Two critical elements were at play that led the 75-year-old scribe to that profession.
“I was always interested in boxing, even as a kid,” said Frauenheim who spent 31 years with the Arizona Republic beginning in 1977. “I’m an Army brat. I was born in January 1949 on a base, Fort Sam Houston in San Antonio, a city I didn’t really see until I hit the NBA road covering the [Phoenix] Suns for more than a decade starting in 1979-80.”
Frauenheim, a longtime correspondent for The Ring magazine who writes for various boxing sites such as boxingscene.com and 15rounds.com, added more background: “One of the many places I lived was Schofield Barracks on the Hawaiian Island of Oahu from 1962 to 1966,” he continued. “I delivered The Stars & Stripes to troops with the 25th Infantry Division, which was headed to Vietnam, along with my dad.

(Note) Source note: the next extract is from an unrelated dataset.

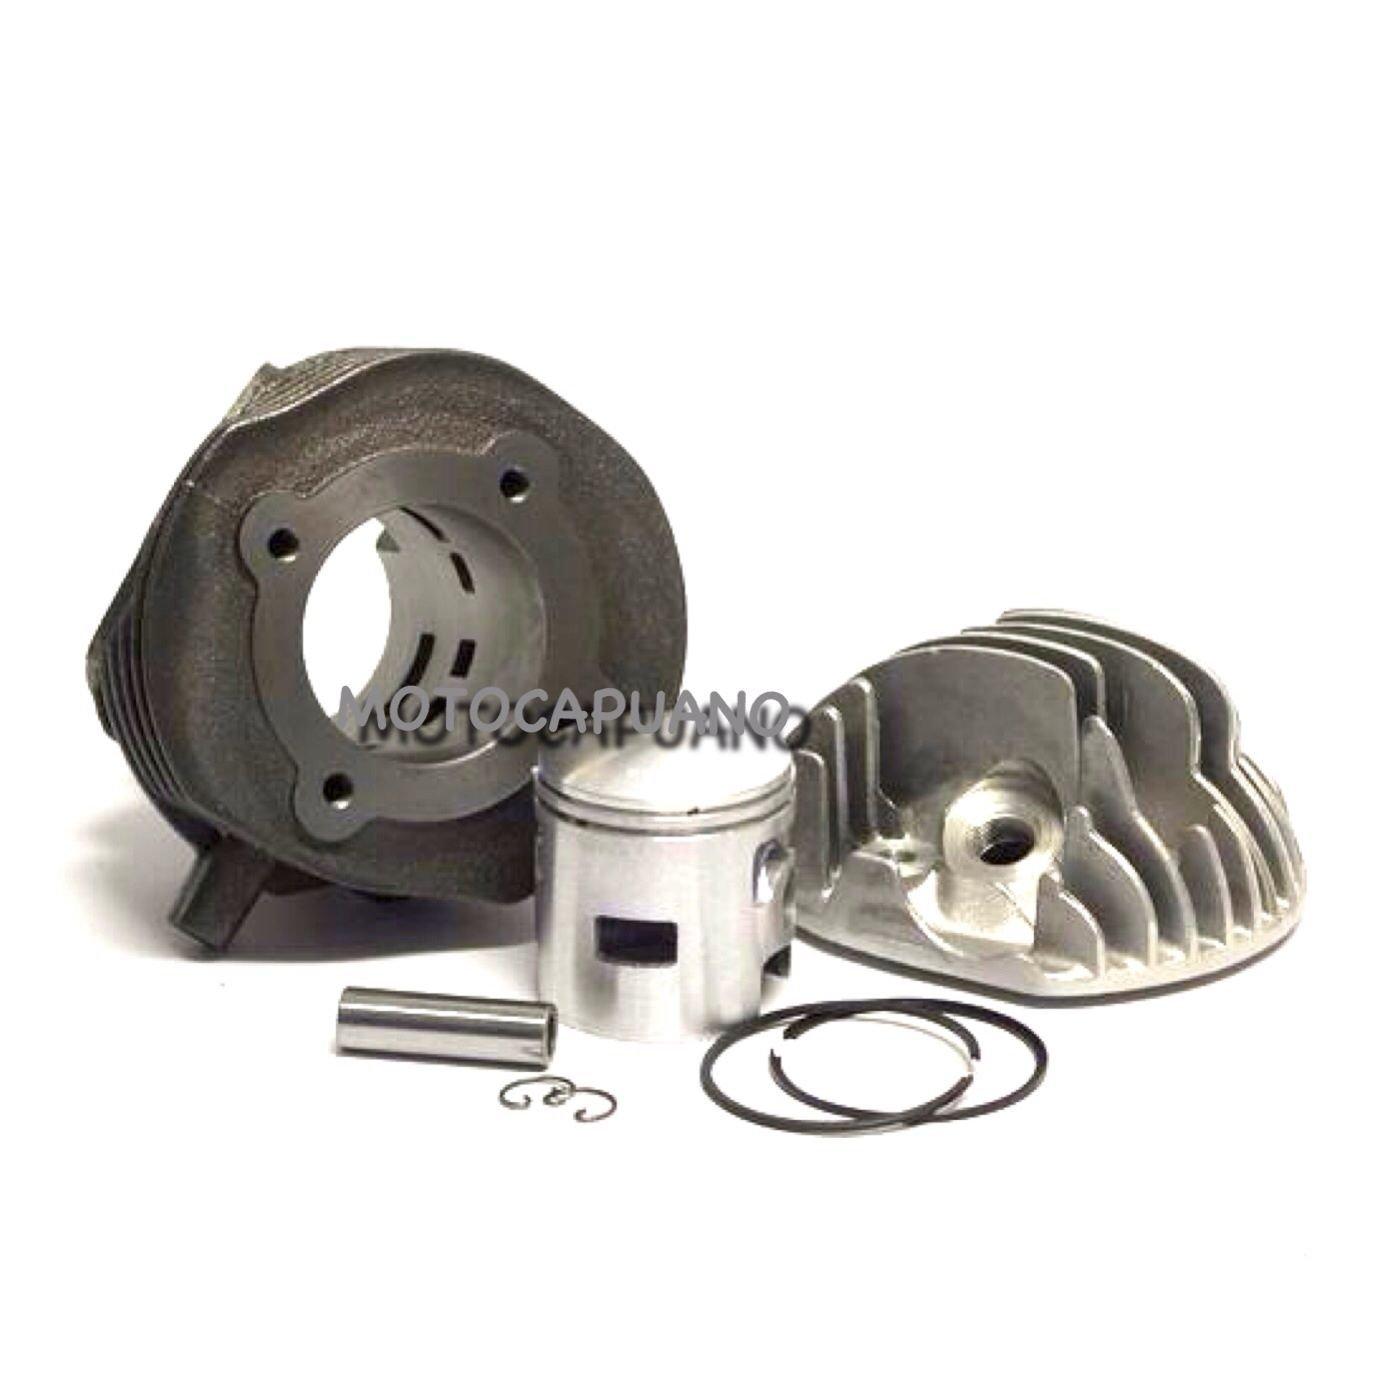 00014 GRUPPO TERMICO DR VESPA 50 APE RST MIX PK SPECIAL R L D.55 102 cc TRAVASI MotoCapuano 151076603691

“Anyway, boxing and Schofield have long been linked, mostly because of a novel and film, ‘From Here to Eternity’ (the James Jones novel starring Frank Sinatra on the big screen). The troops were still boxing, outdoors, at the barracks along my newspaper route. I was 13 to 17 years old. I’d stop, watch and get interested. I’ve been interested ever since.”
Frauenheim added: “From there, my father and family shipped to Fort Sheridan, then a base north of Chicago where I spent one year and graduated from high school “Then my dad went back to Vietnam and I went to Vanderbilt University in Nashville (1967 through 1971) and graduated with a major in history. I was also a competitive swimmer, pre-Title IX.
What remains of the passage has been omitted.